**DATA FOR PROCESSING**

§

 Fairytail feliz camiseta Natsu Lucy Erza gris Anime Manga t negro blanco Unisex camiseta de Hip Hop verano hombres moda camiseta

§

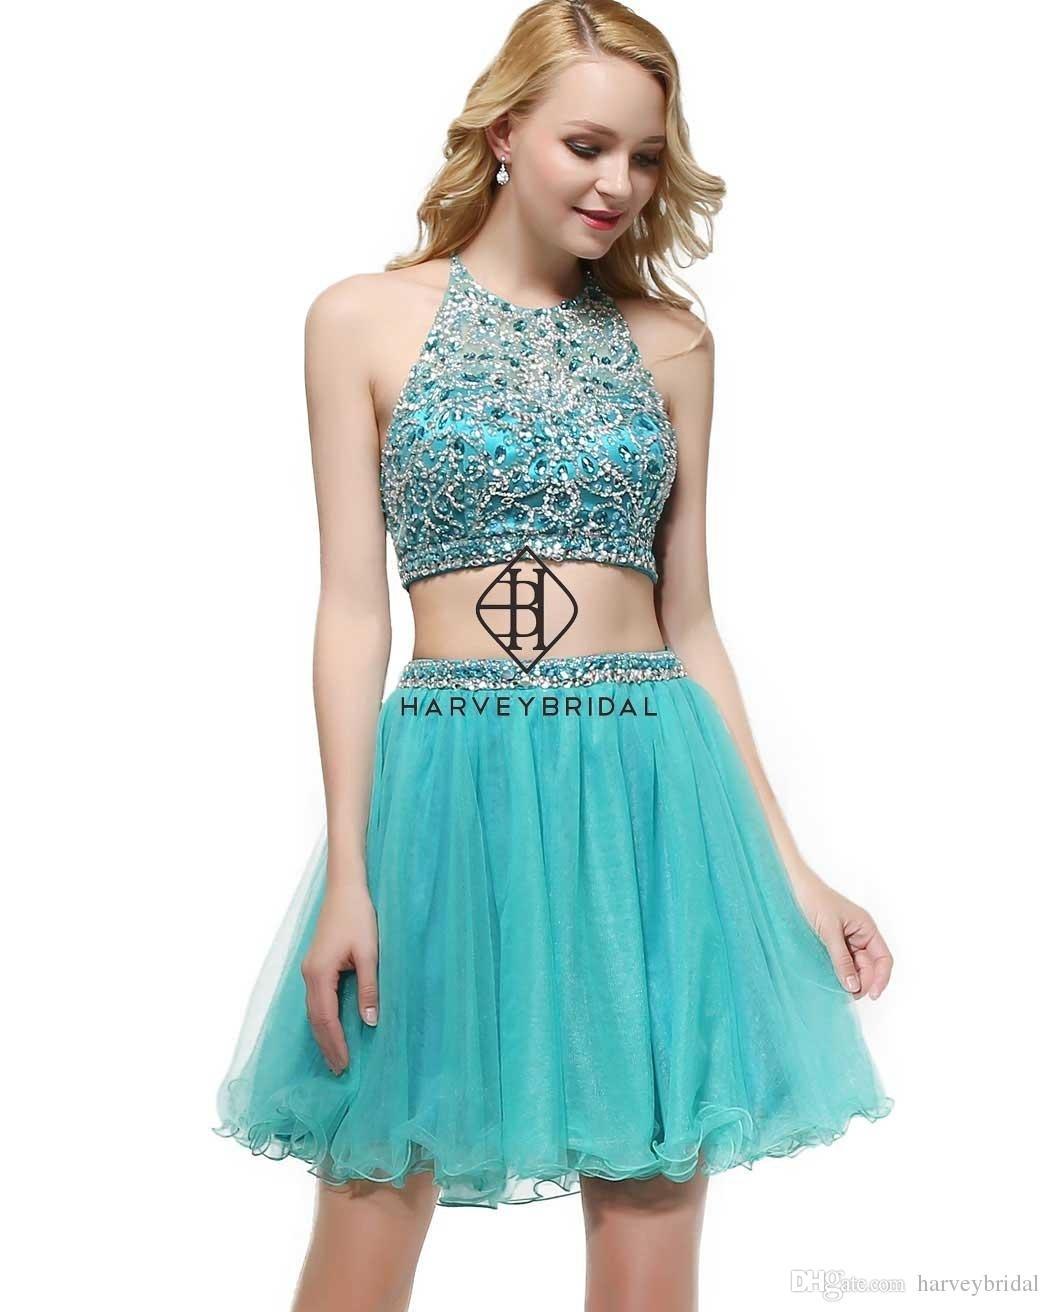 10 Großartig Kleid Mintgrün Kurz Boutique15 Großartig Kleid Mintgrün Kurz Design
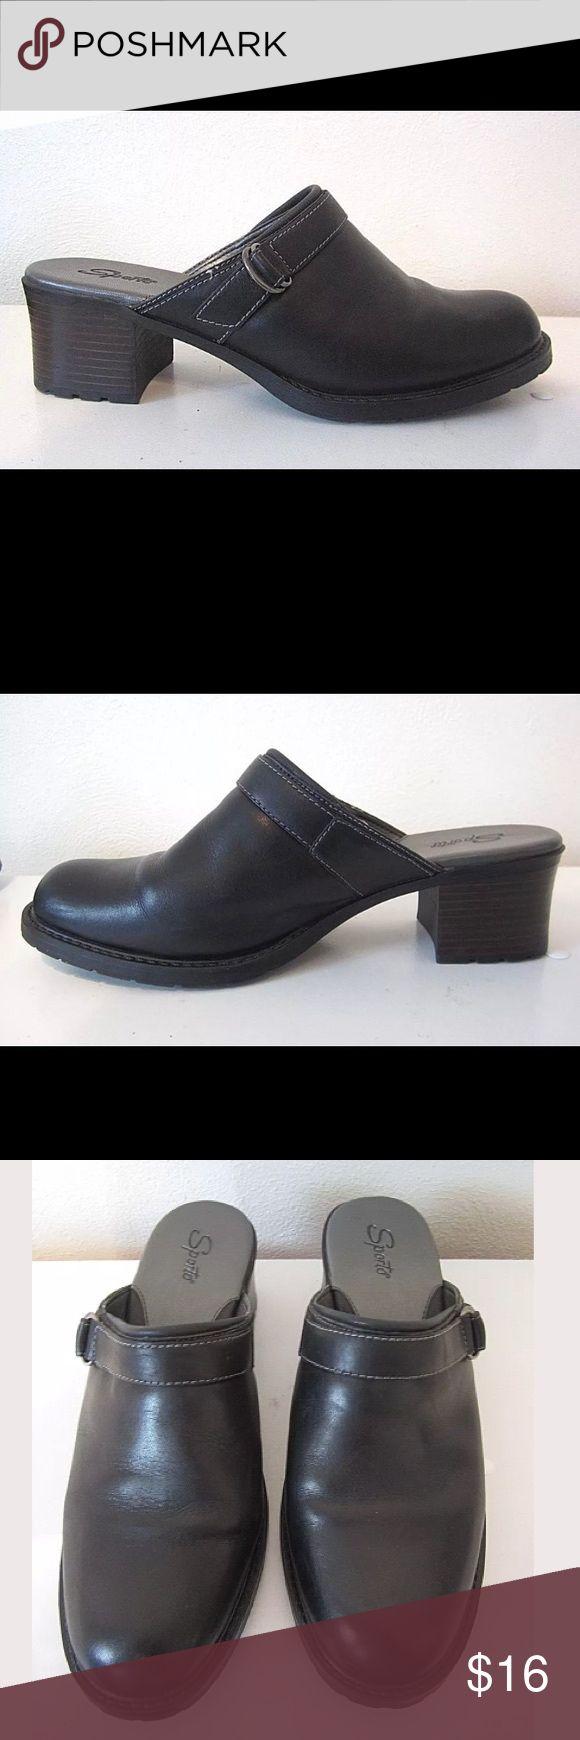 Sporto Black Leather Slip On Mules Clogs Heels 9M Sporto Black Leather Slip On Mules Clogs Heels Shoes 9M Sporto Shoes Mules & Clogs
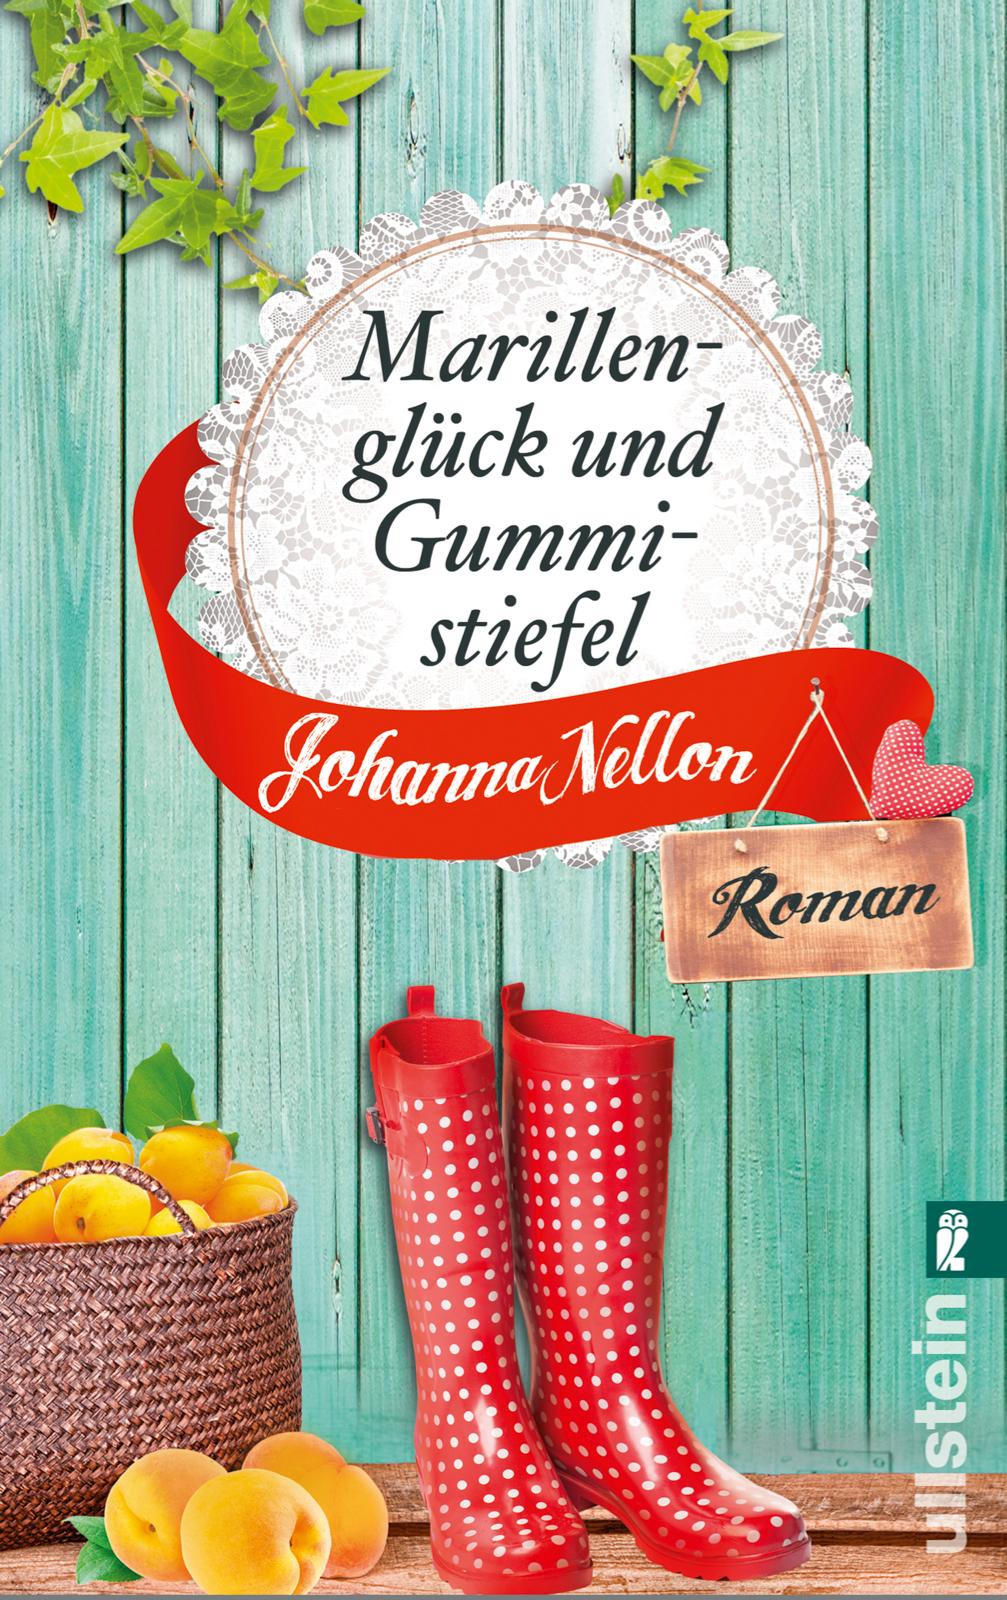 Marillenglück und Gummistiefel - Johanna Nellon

§

**TASK BRIEF**
Above are entries with pictures among them. Write out exactly the lines from the one containing "10 Großartig Kleid" through the one containing "Marillenglück und Gummistiefel", ends included, and leave those pictures out.

**ANSWER BOX**
 10 Großartig Kleid Mintgrün Kurz Boutique15 Großartig Kleid Mintgrün Kurz Design
 Sporto Black Leather Slip On Mules Clogs Heels 9M Sporto Black Leather Slip On Mules Clogs Heels Shoes 9M Sporto Shoes Mules & Clogs
 Marillenglück und Gummistiefel - Johanna Nellon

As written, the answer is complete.